■ Data for analysis ■

───

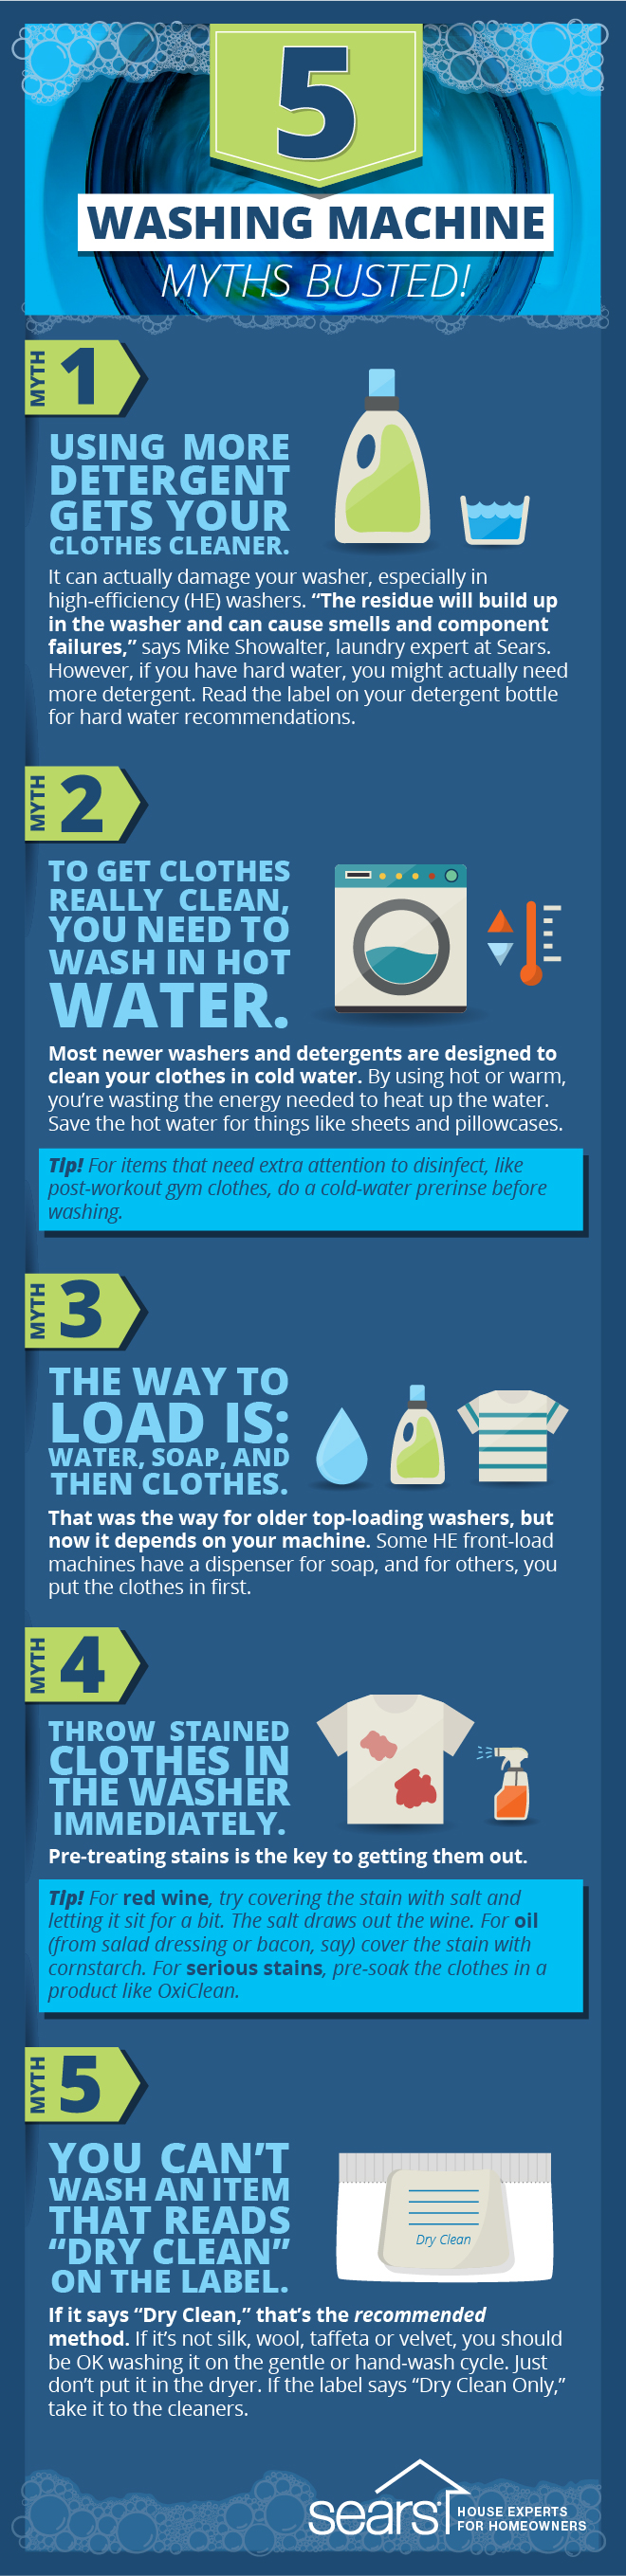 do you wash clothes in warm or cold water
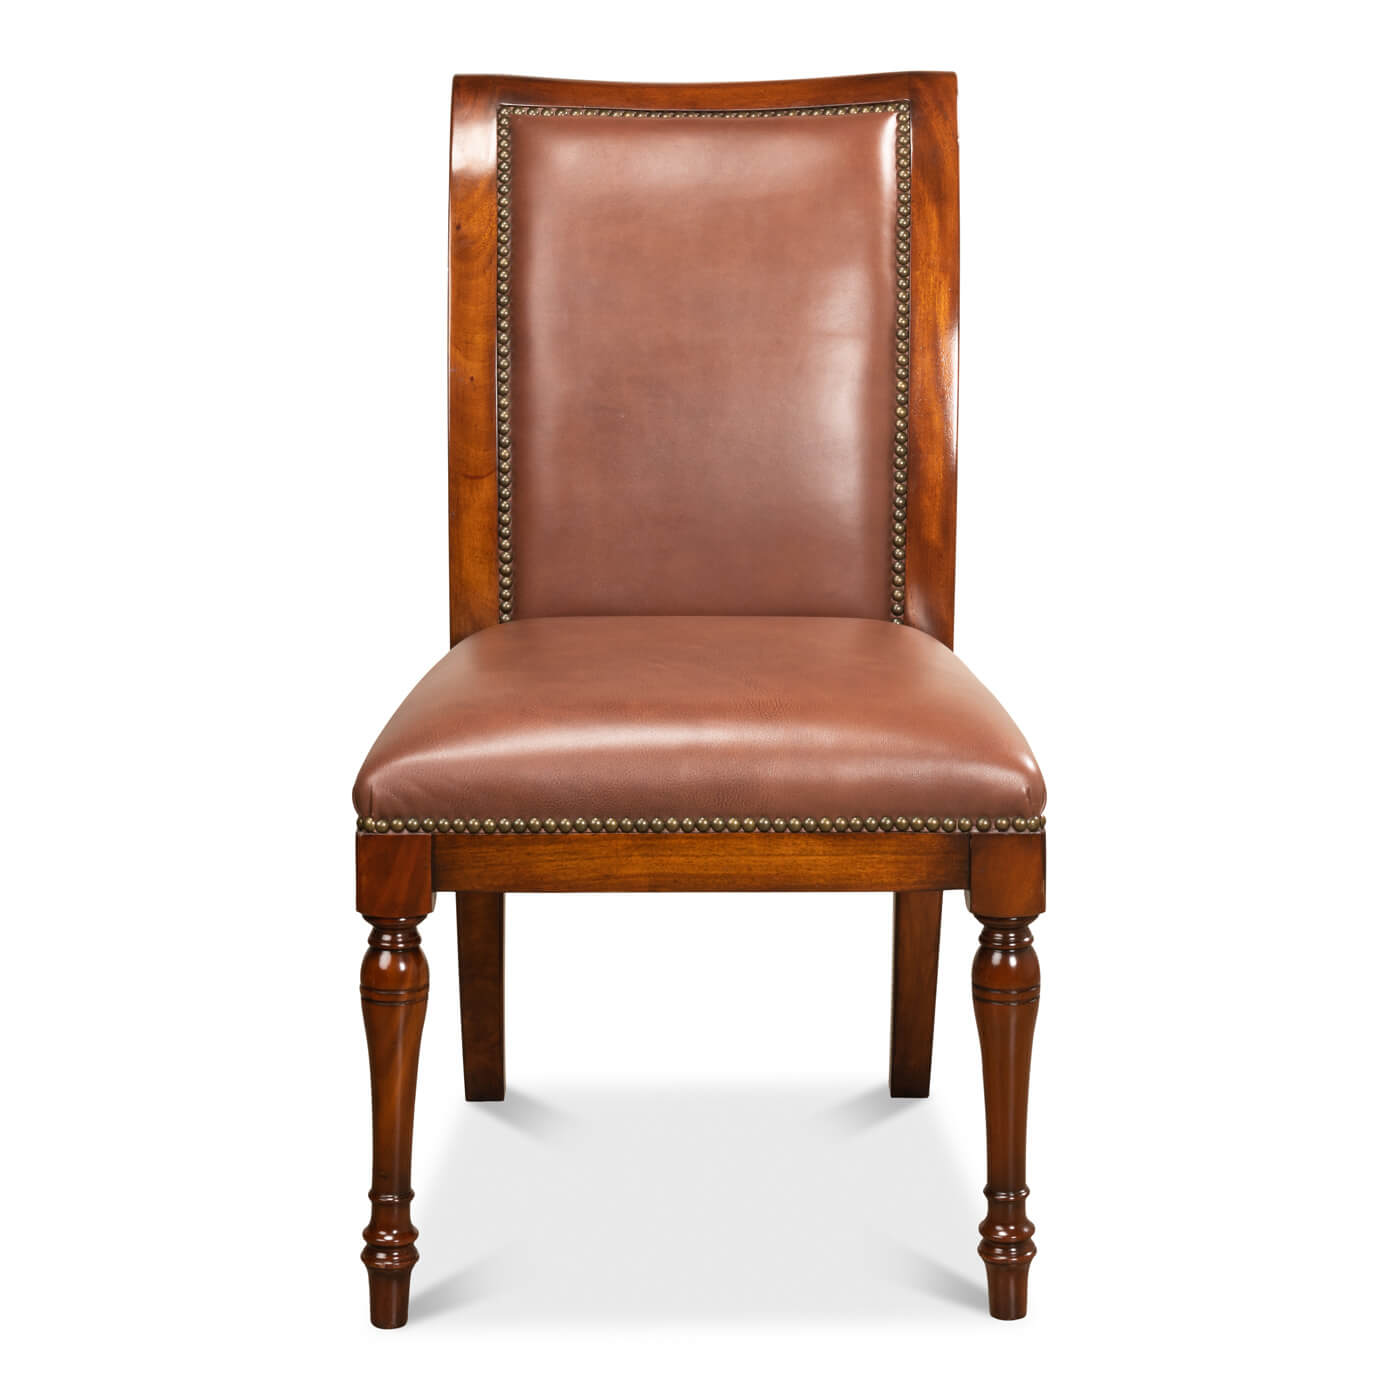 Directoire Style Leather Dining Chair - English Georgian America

───

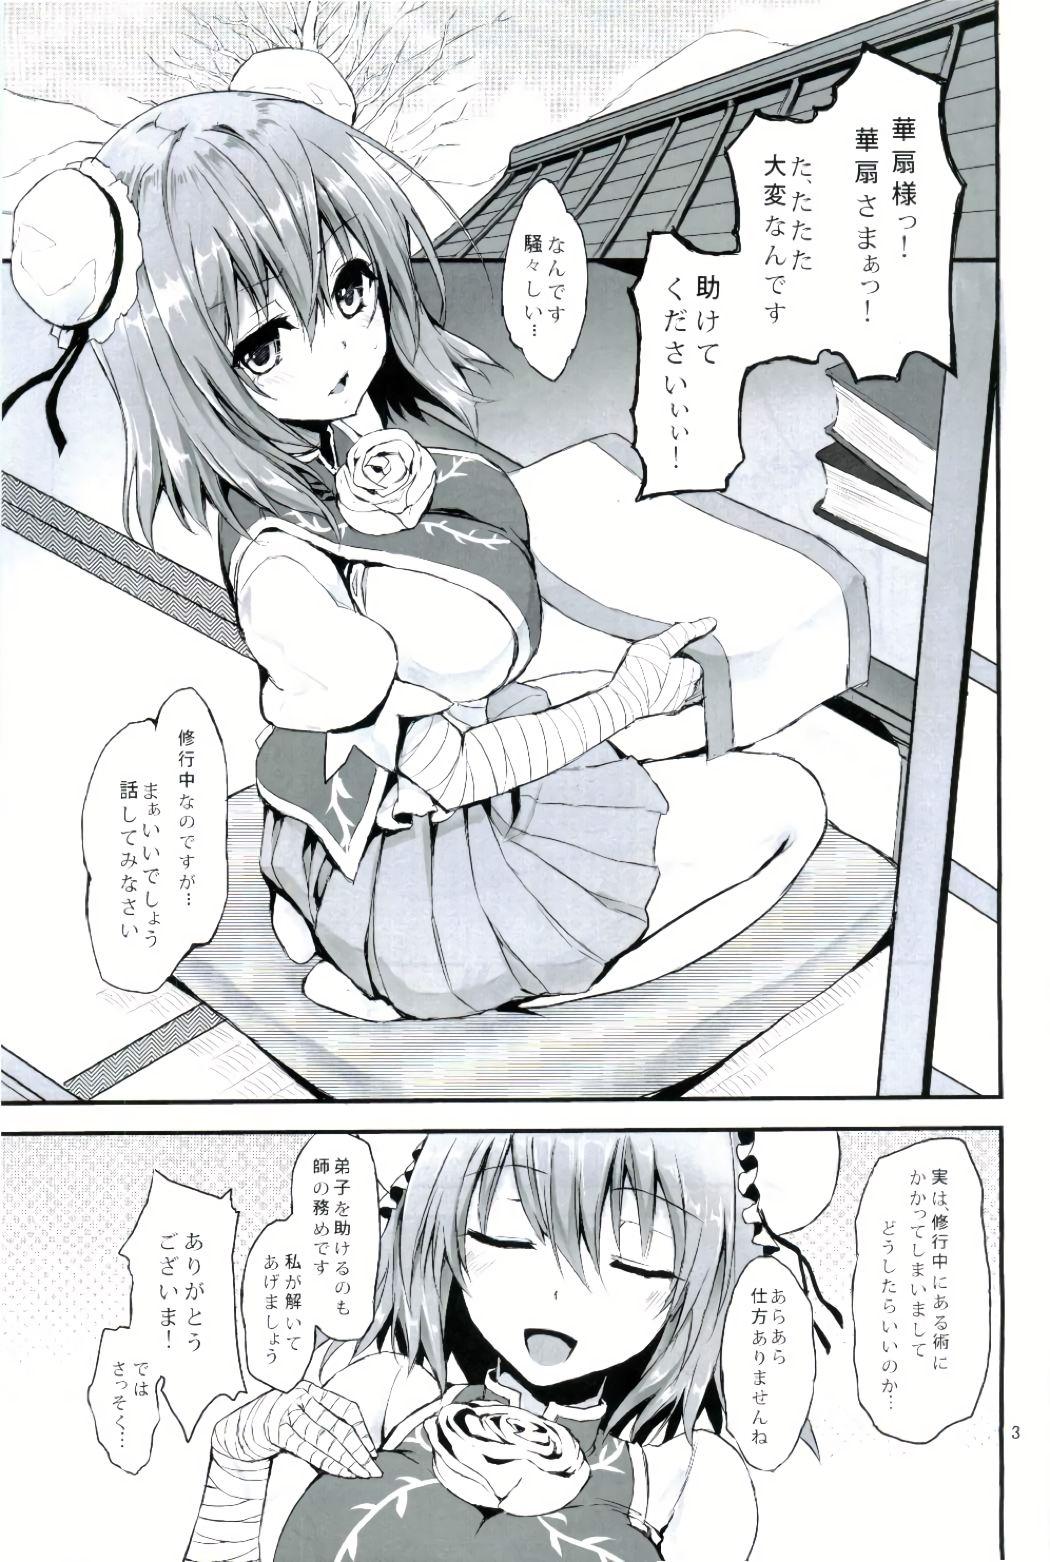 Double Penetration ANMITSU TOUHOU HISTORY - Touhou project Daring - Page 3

───

■ The problem ■
In the entries above, find the line containing "do you wash clothes in warm or cold water" and the line containing "Directoire Style Leather"; give again exactly those two lines and every line between them, minus the pictures.

■ Reply to the task ■
 do you wash clothes in warm or cold water
 Directoire Style Leather Dining Chair - English Georgian America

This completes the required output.